Here I am again, blogging about another favorite album. I'm in limbo right now waiting to head home tomorrow morning, whilst sitting around cloudy Savannah with basically nothing left to do. I've had it with my boyfriend for a little while (and by boyfriend, I mean Savannah. Not an actual person) and need a break. This little vacation is much needed. I'll be heading to NJ for almost two weeks, with a three day get-away to Burlington, VT in between. So since I have some spare time on my hands, I am here again bringing you another post about a favorite album.
The Pixies are just one of those bands that I can listen to constantly and always receive the same feelings over and over again when I hear them. They act like a time machine for me, bringing me back to different times in my life over the past five years. I started listening to the Pixies when I was a junior in high school which was one of the greatest years of my life. I'm not sure why, and I'm sure it wasn't as perfect as I remember it, but it's one of those years that remain golden in my head. Untouched and safe. After the age of 11, I have very few full years in my life that I can put in that category. I think that goes for everyone though since when you turn eleven or twelve, that's when shit starts to get real. You're not a little kid anymore with hearts and sparkles dancing around in your head 24/7. There is a switch that turns on, and that switch is called "Hello Person, Welcome to the Real World".
So, that's when the Pixies entered my life, along with most of the other bands I consider my favorites. It was a big music year for me, I suppose. It's when I discovered alternative bands from the late 80's, early 90's. I had always listened to bands like Brand New, Rilo Kiley, Bright Eyes, Le Tigre and Cursive mixed in with older stuff like Bob Dylan, Jimi Hendrix, Bob Marley & Janis Joplin. I never gave the 90's a chance, so that summer is when my music taste started to really develop. This is when I started loving, what I like to call it, "Cool Uncle Music".
Everyone has or knows that Cool Uncle. He was awesome in the late 80's and early 90's. He never married because "he doesn't believe in monogamy" (but is far too neurotic to get a wife, anyway). He remains cool even into his 40's and 50's. Still kind of pretentious, has a hip foreign girlfriend who plays guitar and follows a vegan diet.
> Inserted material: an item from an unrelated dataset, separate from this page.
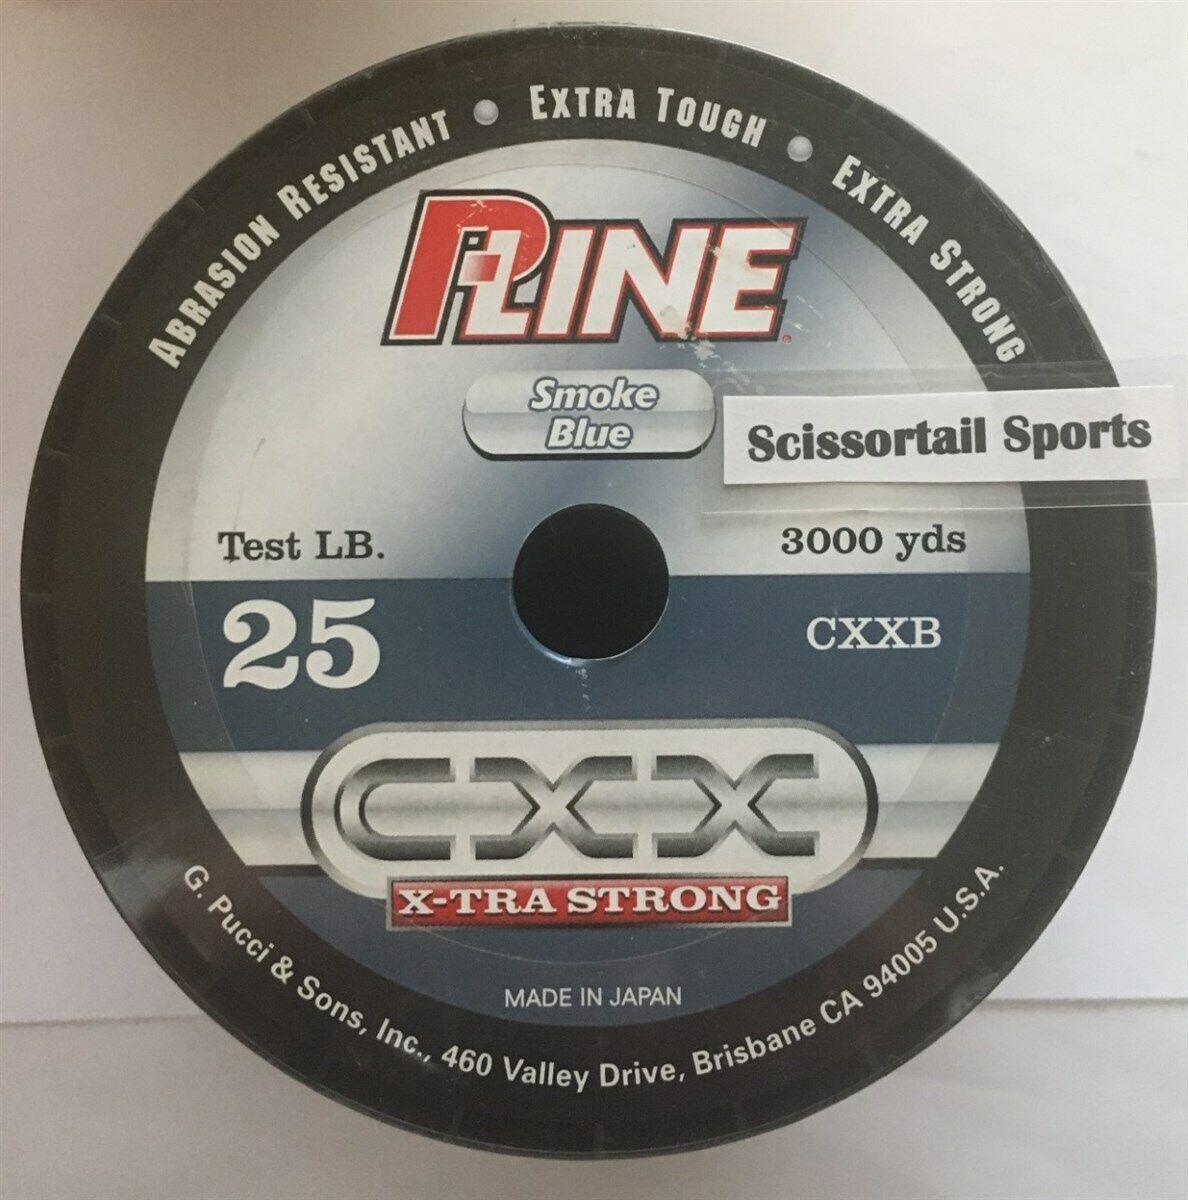 P-Line CXX X-TRA Strong 25 lb 3000 yd Fishing Line Smoke bluee, NEW

He likes to talk about seeing Sonic Youth's early shows and swears he asked Kim Gordon out one time in Providence in 1987 or something. He smokes the same cigarettes & drinks the same beer as he did when he was 22. Most importantly though, he tells all his awkward nieces and nephews about bands like Husker Du, Dinosaur Jr., Superchunk and of course the Pixies. You know him, or you've heard of him. He's the Cool Uncle. If I have style icons, I could definitely have a music icon and my music icon is the Cool Uncle figure. He's more of an idea or a dream than an actual physical person. But you know he exists somewhere. Or everywhere.
While I never had that type of uncle, I always knew he was out there somewhere. People I knew had those uncles, and I learned from their taste. So that summer I was introduced to bands like Pavement, Dinosaur Jr., The Replacements, Superdrag, Radiohead, Nada Surf & the Pixies. I distinctly remember listening to the album Doolittle all the time and falling in love with each and every song. It was different than everything that I was listening to previously.
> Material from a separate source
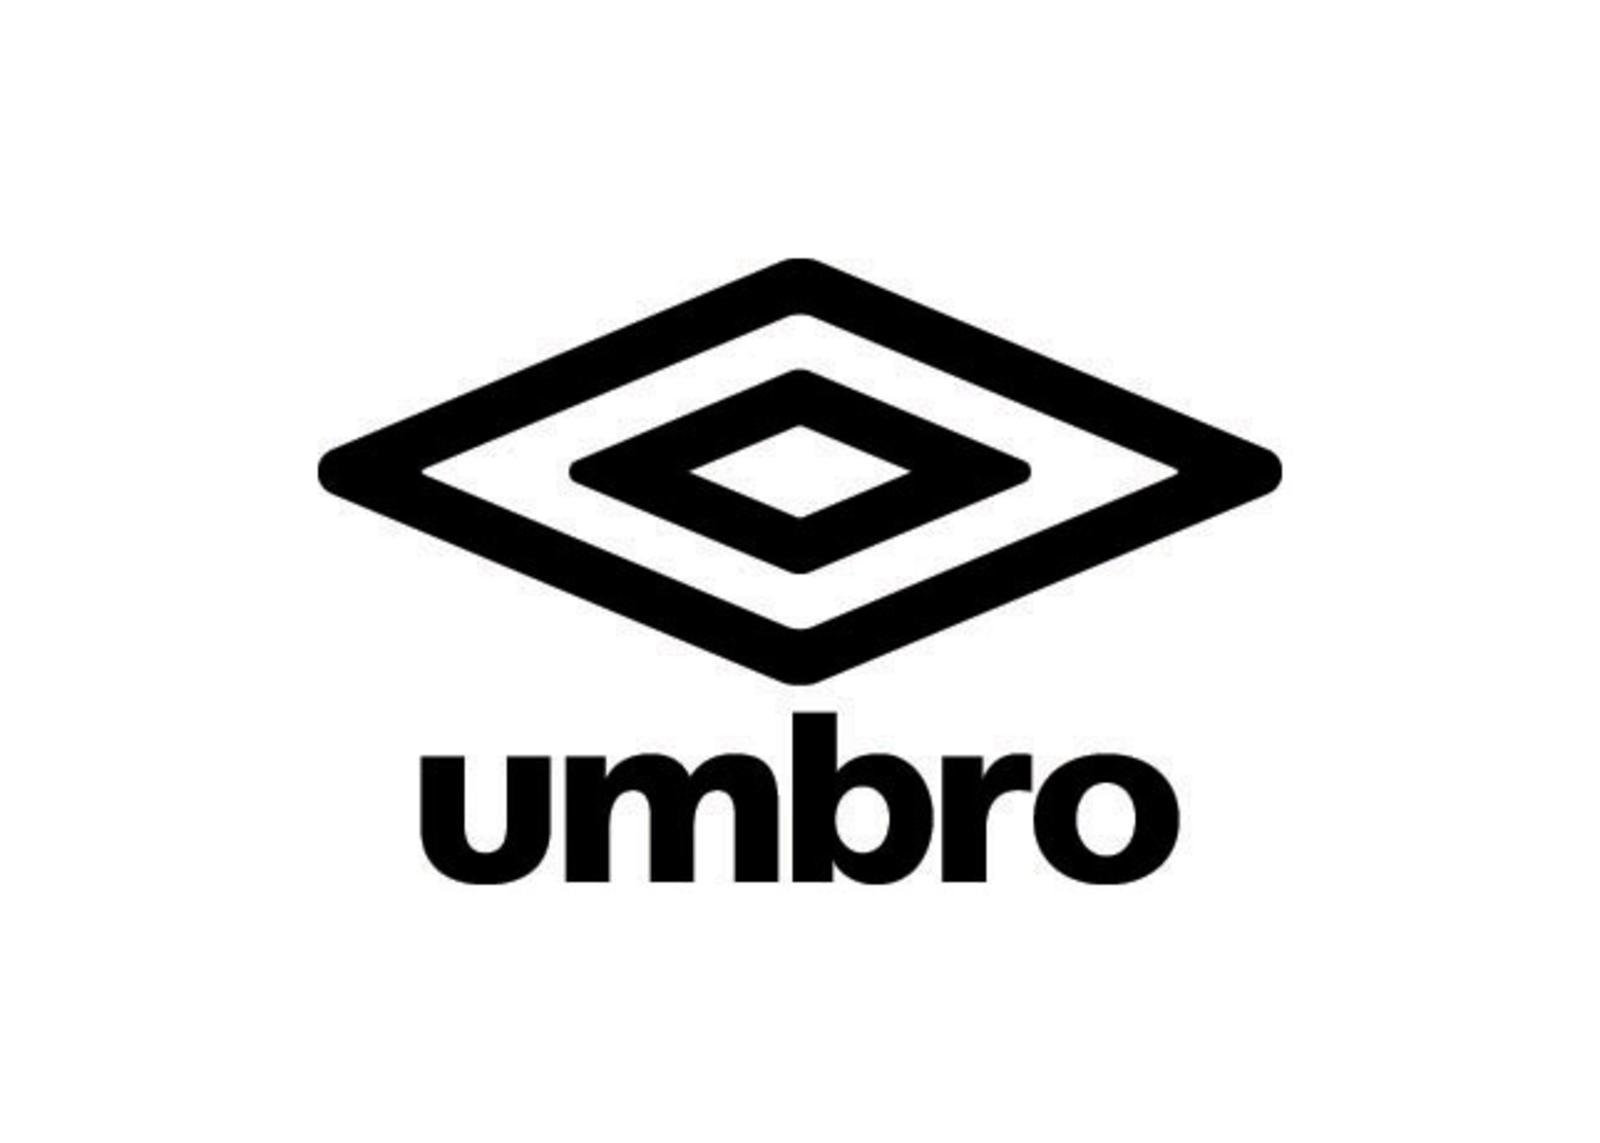 Umbro_Logo_type_native_1600.jpg

That summer was the first summer all my friends & i had our licenses so there was a lot of driving around and getting drunk in parking lots behind our school. I have a specific memory (i don't know why i'm stating it like it happened 20 years ago, it was only like 5 or 6 years ago) being in the parking lot behind my school with my friend in her car screaming the lyrics to "Monkey Gone to Heaven" while drinking Fuze fruit juice with vodka. I was totally inexperienced when it came to drinking and that was the first night I ever got wasted sick. It was embarrassing to say the least. I remember everything from that night though strangely, even the Free People dress I was wearing and every single person that was there with me. But like many nights, it was started by singing (more like screaming) and listening to the Pixies.
I'll always listen to Doolittle and it will remind me of those nights. It was before everything changed. Senior year was awful. I acted out, everyone acted out, we all fell apart. I fell apart. I lost something that I had constant in my life for most of high school and I was totally depressed. Blah, blah who cares, blah, blah. Everyone has that angsty & sad year from their youth and that was mine. I didn't know what to do with myself for many reasons. Looking back, I don't find that abnormal. That's just something that happens to everyone and sometimes you act out in a not perfect manner when you're too young to know the right thing to do. I finally know what to do with myself, but that too will change. Everything does. It's okay, though.
This summer I rediscovered the Pixies. They were always playing on shuffle on my itunes or on different mix CDs through the years but I never paid the same attention to them as when I was first falling in love with them until now. It's like a re-launched love affair. I'm hearing different things in their songs and appreciating them with more mature ears. I'm no longer screaming their lyrics while irresponsibly drinking in Red Bank, NJ but I'm enjoying them with a totally clear & nostalgic brain.